If there is a criticism of this investment holding company, it must be its lack of focus. It appears to be invested in a very diverse range of industries without significant synergies or economies of scale. The need of most South African companies to have a stable BEE partner gives it an edge in finding and negotiating good deals, but its lack of focus may eventually become a problem.
The share trades at a fraction of its intrinsic NAV. It was 59% of its NAV after falling about 25% in the last six months to 2023. The discount makes it good value and may result in "unbundling" some of that value into the hands of shareholders in due course. The directors have said that they will consider delisting from the JSE if the discount persists because the listing cannot be used to raise further capital at current share prices.
On 21st November 2023, the company announced a rights issue to raise R742.35m. Shareholders will get 11.06579 new shares for every 100 shares that they hold at a 7.32% discount to the volume-weighted average price on 10th November 2023. In its results for the year to 30th June 2024, the company reported that its intrinsic net asset value (NAV) increased by 8.5% to 1238c per share, while Tymebank and Linebroker achieved break-even. Rain, which is 26% of the total portfolio, is the most preferred network in South Africa. The total value of listed and unlisted investments was R20.2bn.
The share still trades for much less than 60% of its NAV. Technically, the share has been falling since March 2023. We recommended applying a 200-day moving average and waiting for a clear upside break before investigating further. That break came on 26th April 2024 at 544c per share. Since then, the share has moved up to 727c.
Our opinion on the current state of METROFILE(MFL)Metrofile (MFL) is a company that specialises in records storage and management, image processing, and backup. The company has been listed since 1995 and has a 57.4% Black ownership. The Mineworkers Investment Company owns 38.64% of the business, and Sanlam owns 5%.
The company's record management division has 52 facilities at 27 locations with over 100,000 square meters of offices and warehousing. Housatonic Partners, a US company, made an offer to buy 100% of Metrofile for 330c per share but delayed the deal because of COVID-19. They indicated that they would want to see the end-June 2020 results and "three months of normal trade" before reconsidering. Despite this, they have assured the company of their wish to continue with the possible transaction for the acquisition of Metrofile.

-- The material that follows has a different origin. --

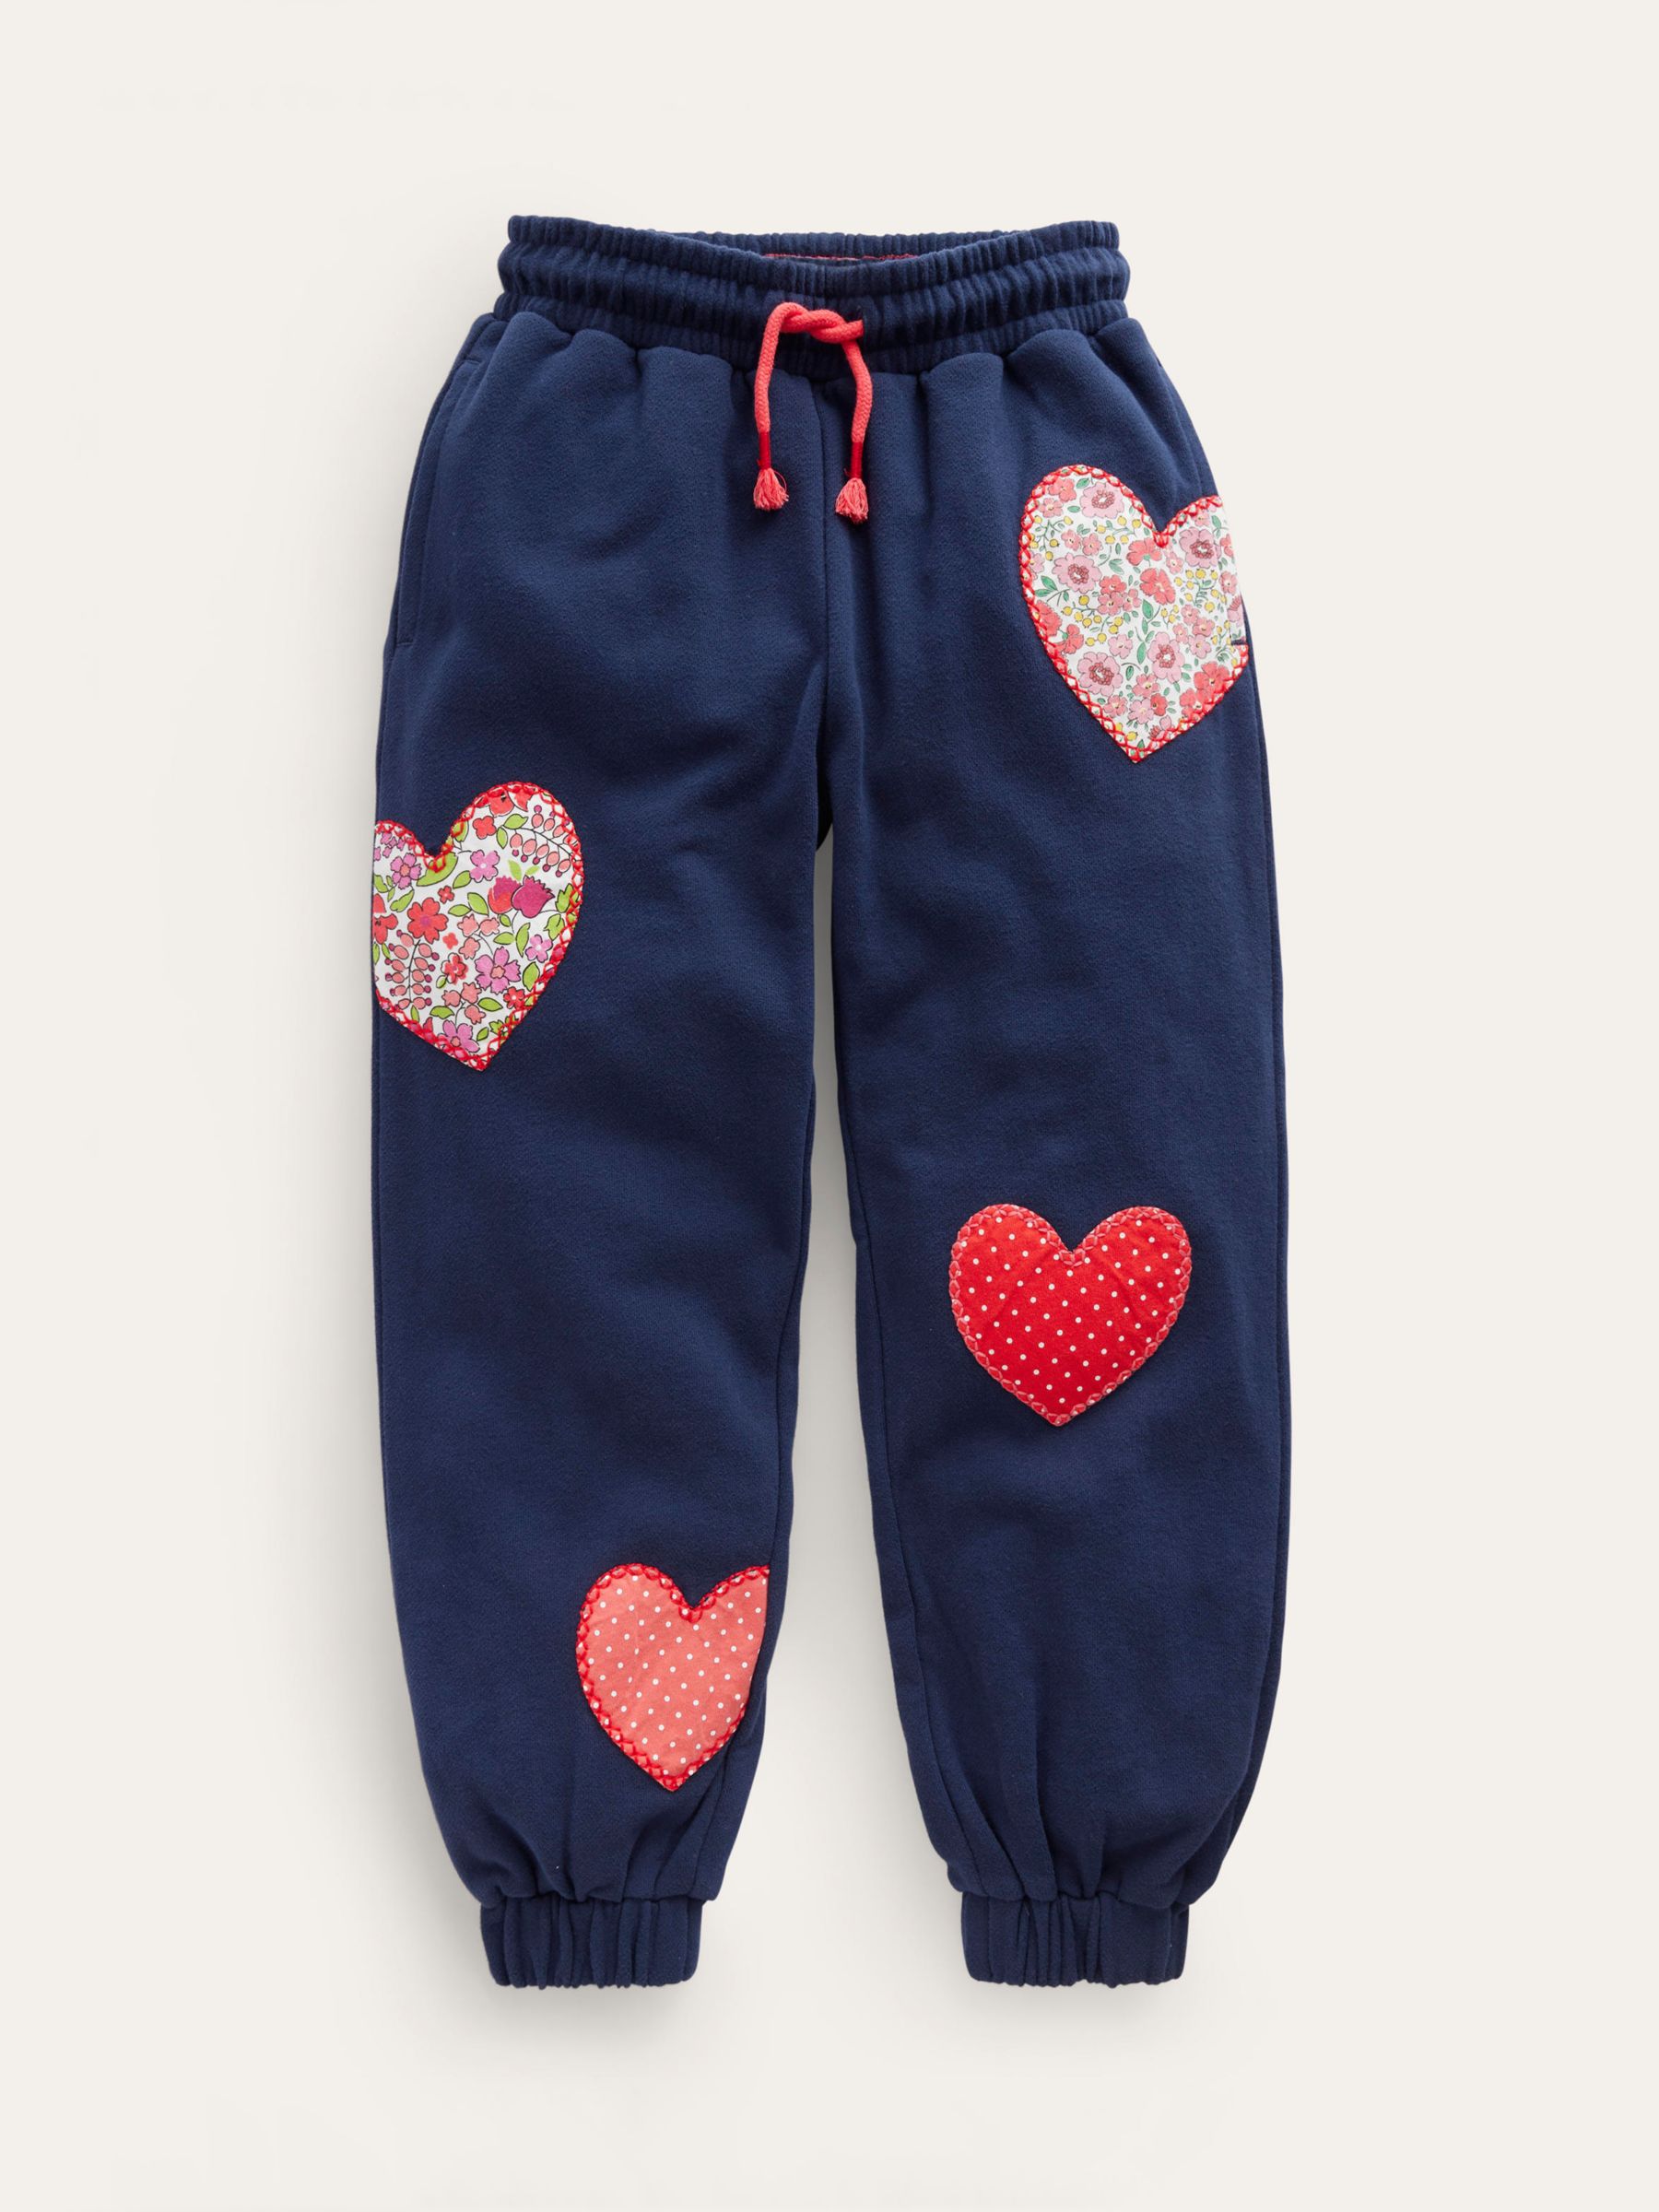 Mini Boden Kids' Heart Knickers, Pack of 7, Multi at John Lewis & Partners

In its results for the year to 30th June 2024, the company reported revenue up 1% and headline earnings per share (HEPS) down 49%. The company said, "General market conditions were weak. Demand for cloud services remained strong and now contributes 32% (2023: 26%) of our digital services revenue."

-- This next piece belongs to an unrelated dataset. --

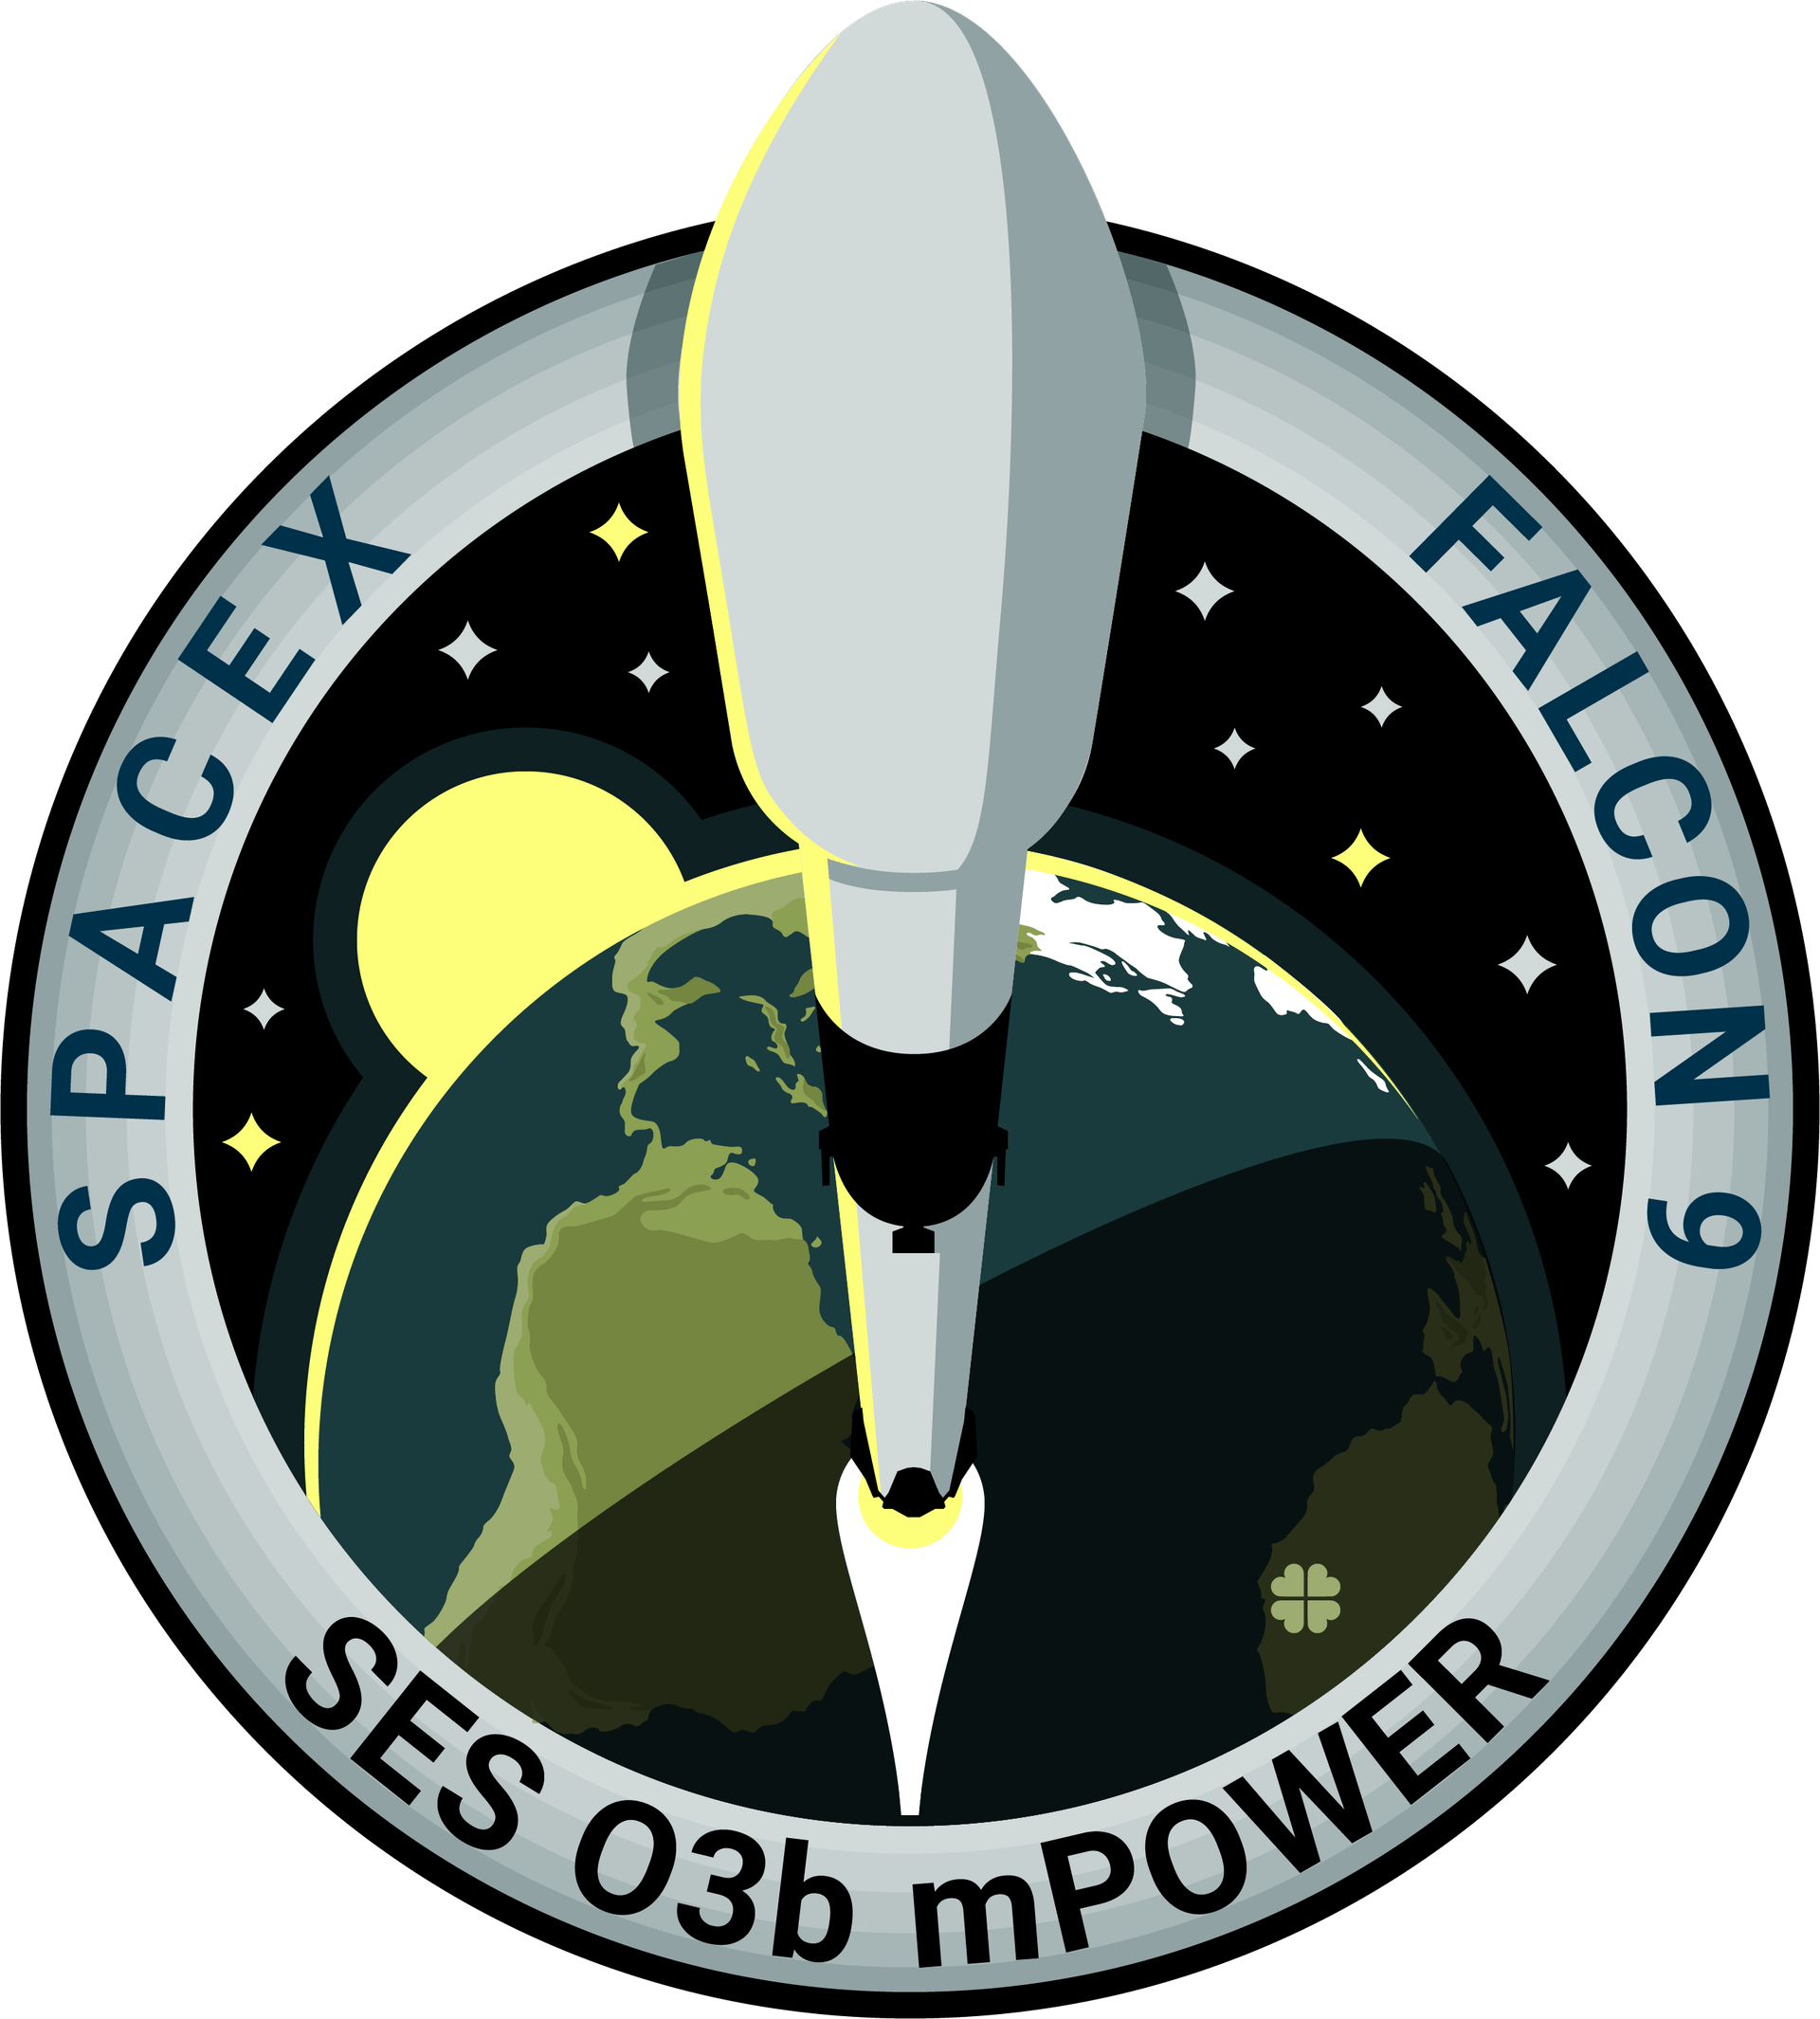 Mission patch for O3b mPower 1 & 2

We see this as a good-quality small business that seems to be battling in a very tough economic climate. Technically, the share now appears to be in a new downward trend. On 5th September 2024, the company announced that its CEO, Pfungwa Serima, would resign with effect from 30th September 2024. He will be replaced by Thabo Seopa.
Our opinion on the current state of SASOL(SOL)Sasol (SOL) is a massive international chemicals and energy company which has its roots in the oil-from-coal technology developed during the apartheid era in South Africa. About 50% of the company's profits are directly linked to the oil price. It has two main growth areas - its 50% stake in an ethane cracker plant in Louisiana, America, known as "Lake Charles Chemical Project" (LCCP), and its development of gas resources in Mozambique.

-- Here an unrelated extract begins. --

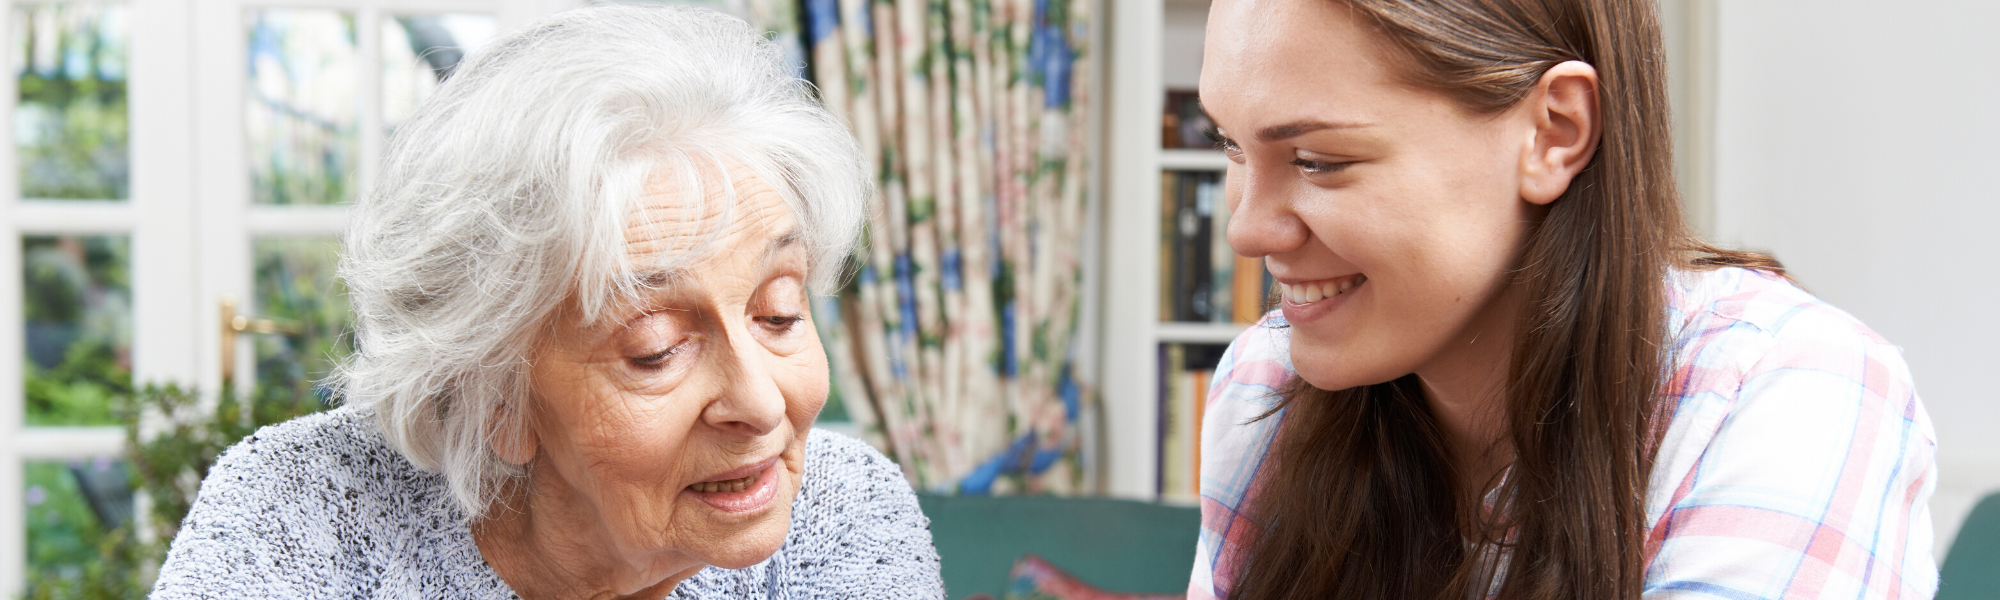 role of care assistant.qualities of a care assistant. career in care

Sasol was awarded two new licences in Mozambique to explore for gas in an onshore development of approximately three thousand square kilometres. This could significantly add to its existing gas projects in the Rovuma province. One area of concern for Sasol is that it is the biggest producer of greenhouse gases in South Africa and on the JSE. It is listed as one of the 100 fossil-fuel companies world-wide that contribute to more than 70% of Greenhouse gases. The company remains under international pressure to deal with its carbon emissions effectively.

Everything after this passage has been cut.